━━ Recorded information
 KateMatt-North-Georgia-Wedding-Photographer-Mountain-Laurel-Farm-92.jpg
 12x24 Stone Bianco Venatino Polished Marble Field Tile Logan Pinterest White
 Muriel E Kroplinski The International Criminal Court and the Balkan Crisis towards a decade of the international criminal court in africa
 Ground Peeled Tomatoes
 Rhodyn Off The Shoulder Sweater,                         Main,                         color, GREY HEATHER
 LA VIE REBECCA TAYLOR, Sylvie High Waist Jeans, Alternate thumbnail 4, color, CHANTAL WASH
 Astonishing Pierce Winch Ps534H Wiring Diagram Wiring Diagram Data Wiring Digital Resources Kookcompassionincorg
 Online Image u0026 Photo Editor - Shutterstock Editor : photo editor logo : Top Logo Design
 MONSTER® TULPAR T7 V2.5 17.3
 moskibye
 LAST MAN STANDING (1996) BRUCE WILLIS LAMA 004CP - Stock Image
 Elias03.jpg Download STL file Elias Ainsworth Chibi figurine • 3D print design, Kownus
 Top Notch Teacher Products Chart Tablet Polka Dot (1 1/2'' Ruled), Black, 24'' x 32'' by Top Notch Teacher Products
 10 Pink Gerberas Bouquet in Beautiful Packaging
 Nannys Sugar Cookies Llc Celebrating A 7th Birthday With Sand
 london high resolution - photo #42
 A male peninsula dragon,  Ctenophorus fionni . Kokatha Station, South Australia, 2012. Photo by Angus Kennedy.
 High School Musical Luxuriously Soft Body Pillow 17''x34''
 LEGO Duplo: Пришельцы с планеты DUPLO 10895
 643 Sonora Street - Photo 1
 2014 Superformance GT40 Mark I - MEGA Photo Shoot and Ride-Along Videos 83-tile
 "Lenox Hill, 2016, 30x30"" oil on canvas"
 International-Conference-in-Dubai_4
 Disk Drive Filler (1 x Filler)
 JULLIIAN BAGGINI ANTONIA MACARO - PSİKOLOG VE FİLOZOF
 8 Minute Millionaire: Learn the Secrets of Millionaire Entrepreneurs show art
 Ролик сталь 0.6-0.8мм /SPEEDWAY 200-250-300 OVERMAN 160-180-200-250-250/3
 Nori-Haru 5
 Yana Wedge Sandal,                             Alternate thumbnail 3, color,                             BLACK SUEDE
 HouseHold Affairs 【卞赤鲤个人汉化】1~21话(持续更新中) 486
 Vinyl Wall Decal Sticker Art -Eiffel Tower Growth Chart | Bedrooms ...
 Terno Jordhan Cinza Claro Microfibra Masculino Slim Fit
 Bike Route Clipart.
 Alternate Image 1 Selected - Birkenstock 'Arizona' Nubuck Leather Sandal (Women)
━━━━
Action item: Tally the lines in these entries that have the string "Image" in them, then answer with the count and nothing else.

Task solution: 3